1. Creating the Team Decorator
First, we create a custom NestJS decorator that allows developers to bind team metadata to a method.
// team.decorator.ts
export enum TeamTag {
TeamA = 'team-a',
TeamB = 'team-b',
TeamC = 'team-c',
}
export const Team = (tag: TeamTag): CustomDecorator<string> => {
return SetMetadata('TEAM_TAG_METADATA_KEY', tag);
};
2. Developer Usage: Decorating the Controllers with Team Metadata
In NestJS, controllers are components in which endpoints are defined. Developers can attach team metadata to these controllers by using the Team
Decorator. For instance, a developer from Team A would apply the decorator as follows:
@Team(TeamTag.TeamA)
@Controller({ path:'team-a-service', version: '1' })
export class TeamAController {
// ...controller endpoint methods
}
Note: For greater flexibility, we can also override the controller level metadata by applying the Team Decorator to individual methods.
@Team(TeamTag.TeamB)
@Get('data-endpoint')
async getData(@Query() queryParams: QueryParams): Promise<ResponseData> {
return this.teamBService.getData(queryParams);
}
3. Adding Team Metadata to the Request Payload
Bundling the metadata with the request payload will allow us to cohesively reference this data for our alert routing scenario.
To accomplish this, we’ll use a NestJS guard that intercepts the request pre-controller and adds the team metadata to the request payload for use later.
// add-team-tag.guard.ts
@Injectable()
export class AddTeamTagGuard implements CanActivate {
constructor(private readonly reflector: Reflector) {}
canActivate(context: ExecutionContext): boolean {
const req = context.switchToHttp().getRequest();
const handler = context.getHandler();
const endpointClass = context.getClass();
const team = this.reflector.getAllAndOverride(TEAM_TAG_METADATA_KEY, [handler, endpointClass]);
req.team = team;
return true;
}
}
To enable the guard for all controllers, we add it as a global guard in the main module file (app.module.ts
). Global guards will apply to all controllers within the main module.
// app.module
...
providers: [
{ provide: APP_GUARD, useClass: AddTeamTagGuard },
]
4. Implementing Exception Handling Alert Logic
We implement a NestJS exception filter which will handle errors by sending an exception event to the Sentry App.

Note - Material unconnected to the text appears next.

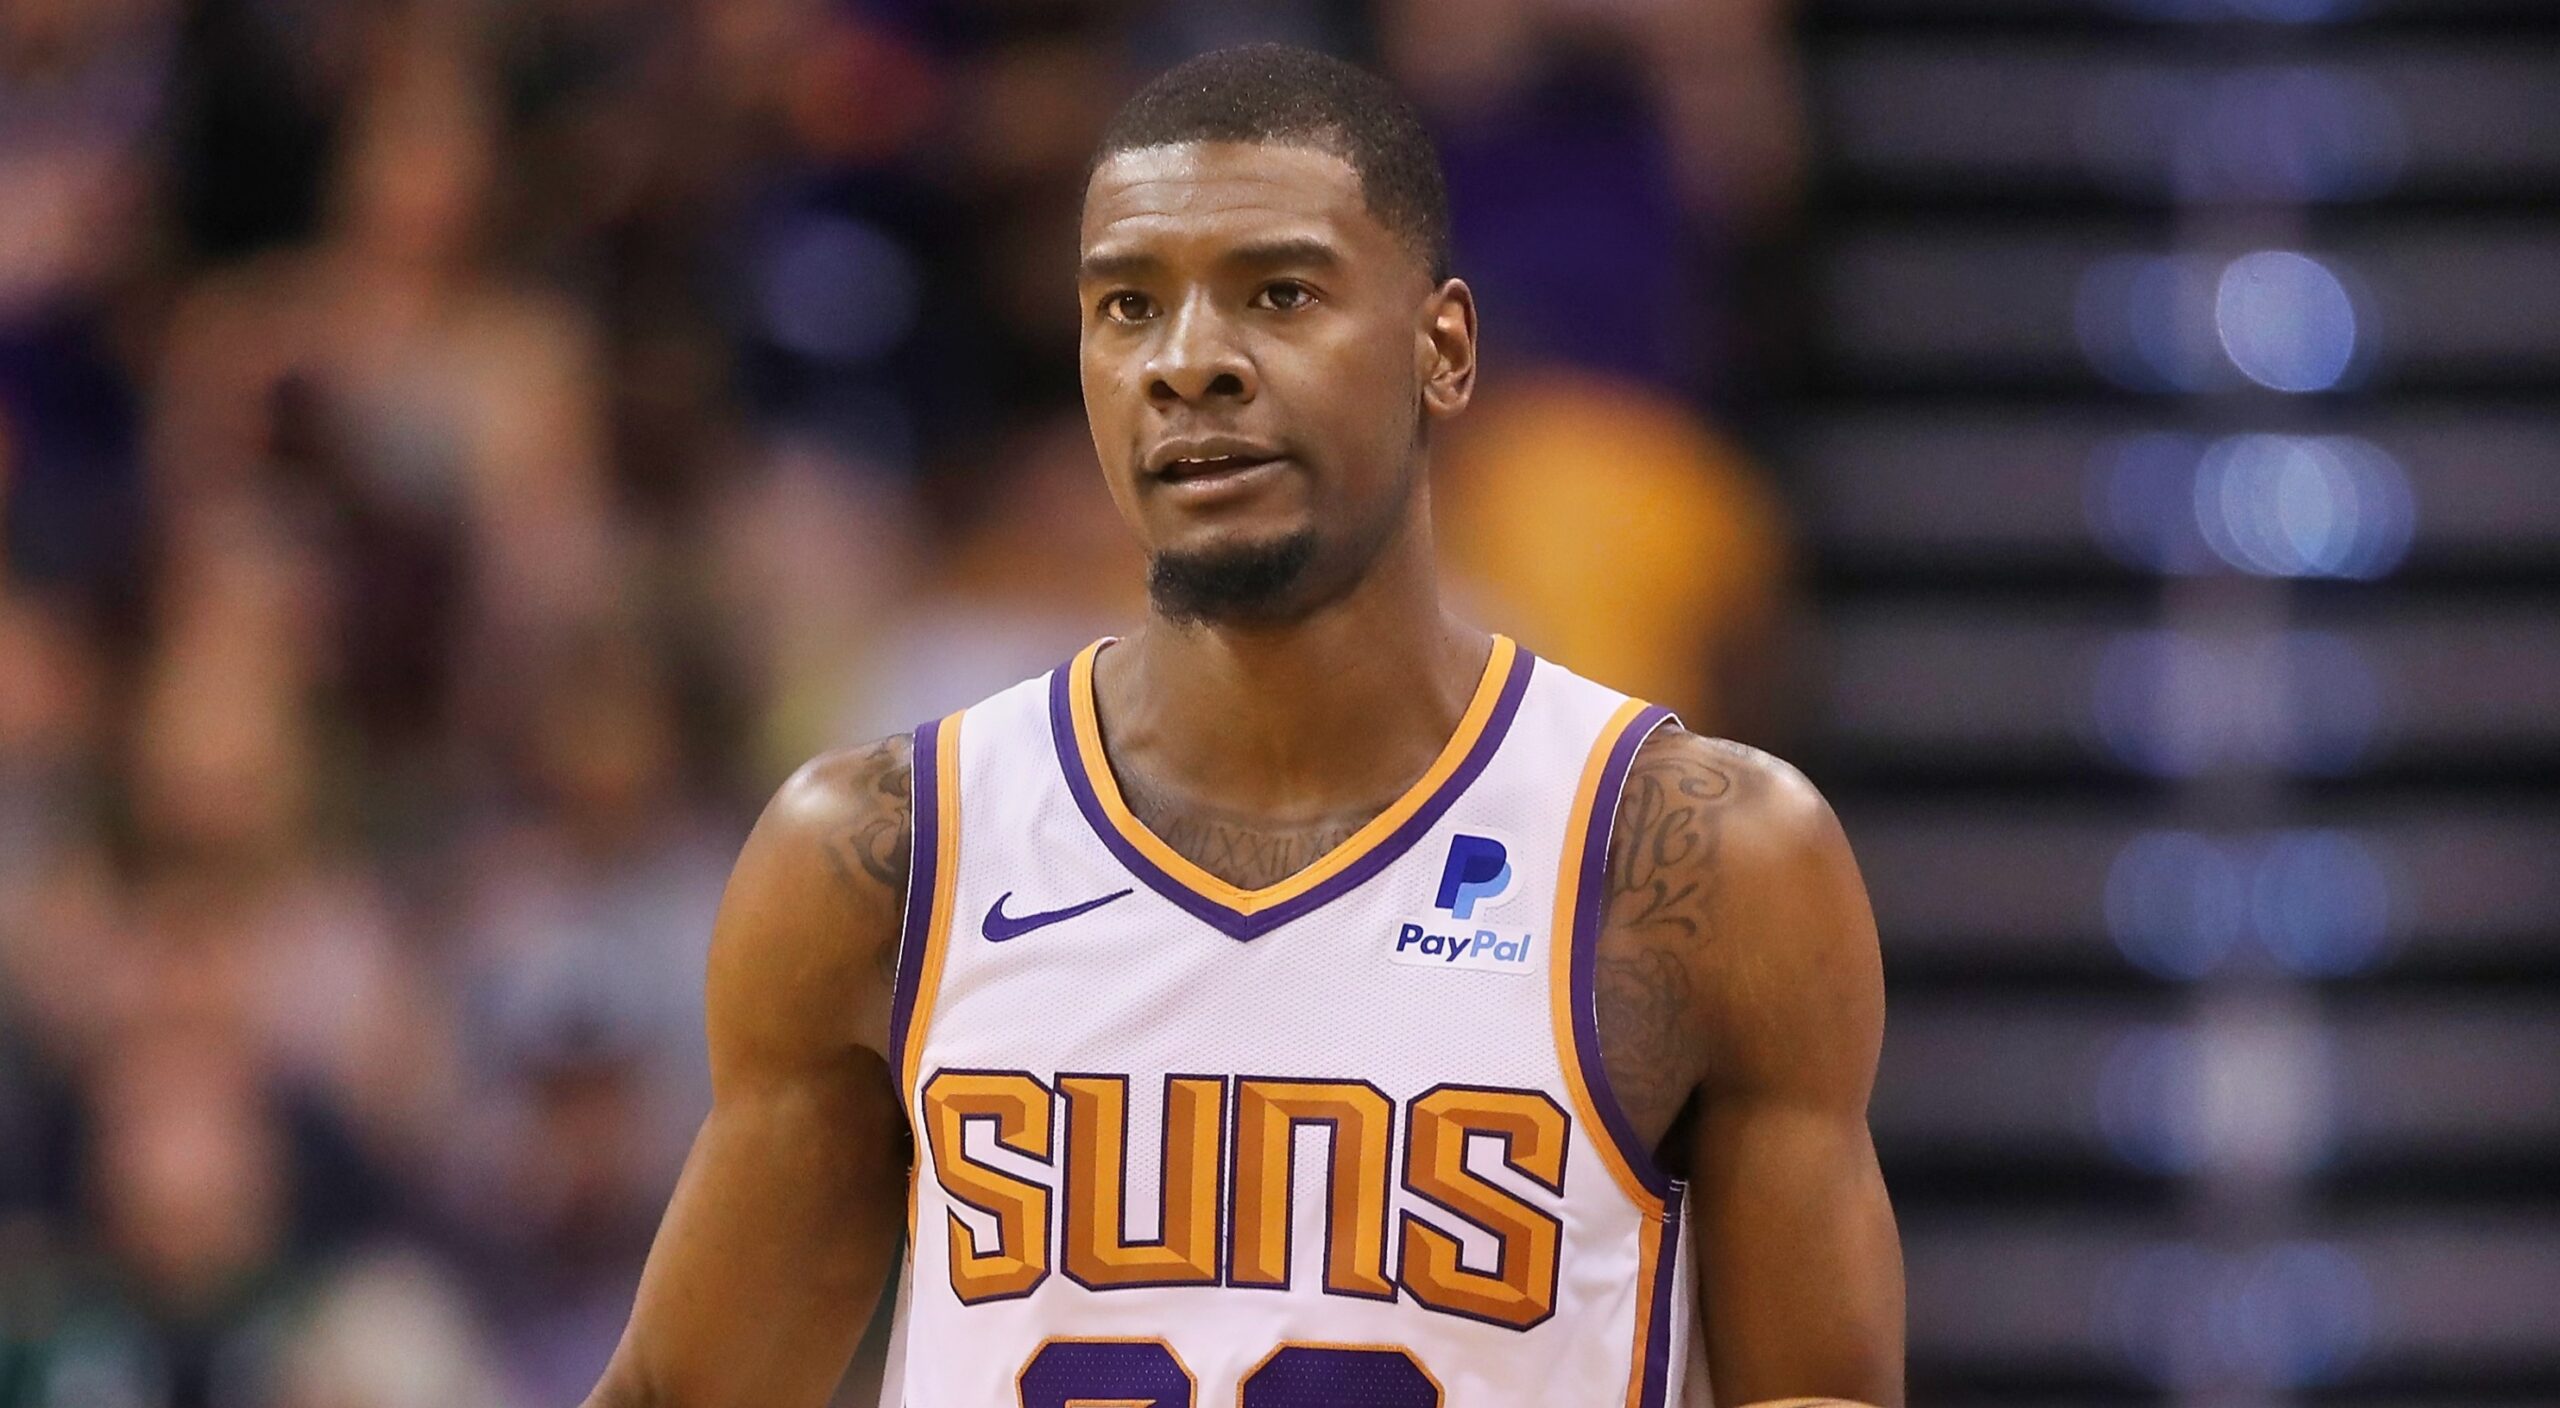 Suns Send Deandre Ayton To Rival Powerhouse In Trade Proposal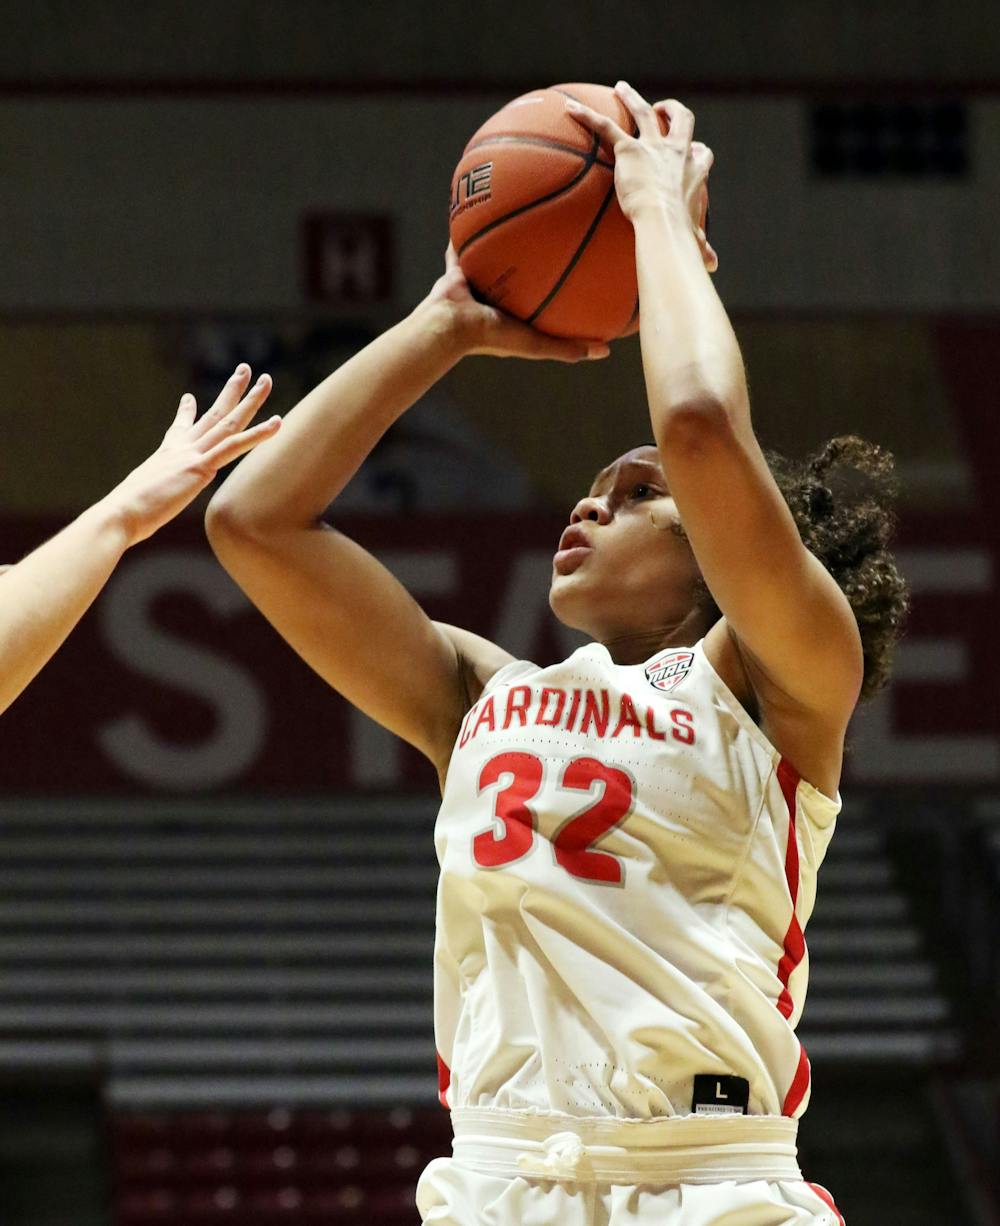 <p>Ball State junior forward Oshlynn Brown shoots during the Cardinals' game against Butler Saturday, Nov. 23, 2019, at John E. Worthen Arena. Brown scored 10 points. <strong>Paige Grider, DN</strong></p>

Using the official package @sentry/node
, we can easily generate and capture Sentry events. Relevant fields, including the team metadata, are added to the event scope. This is essential for Slack Channel routing done by the Sentry Application in later steps.
// exceptions.filter.ts
import { ArgumentsHost, Catch, ExceptionFilter } from '@nestjs/common';
import * as Sentry from '@sentry/node';
@Catch()
export class AllExceptionFilter implements ExceptionFilter {
catch(exception: any, host: ArgumentsHost): any {
const ctx = host.switchToHttp();
Sentry.withScope((scope) => {
const request = ctx.getRequest();
scope.setTag('team', request.team);
Sentry.captureException(exception);
});
const response = ctx.getResponse();
return response.status(exception.statusCode).json(exception);
}
}
As with the global guard previously, we enable the filter as a global filter for all modules.
// main.ts
import { AppModule } from './app.module';
const app = await NestFactory.create(AppModule);
app.useGlobalFilters(new AllExceptionFilter());
5. Enforcing Ownership through Validation
While decorators offer a convenient way to specify team ownership, it’s easy for developers to overlook them. To ensure no endpoint is left untagged, we implement a validation module that runs during application startup.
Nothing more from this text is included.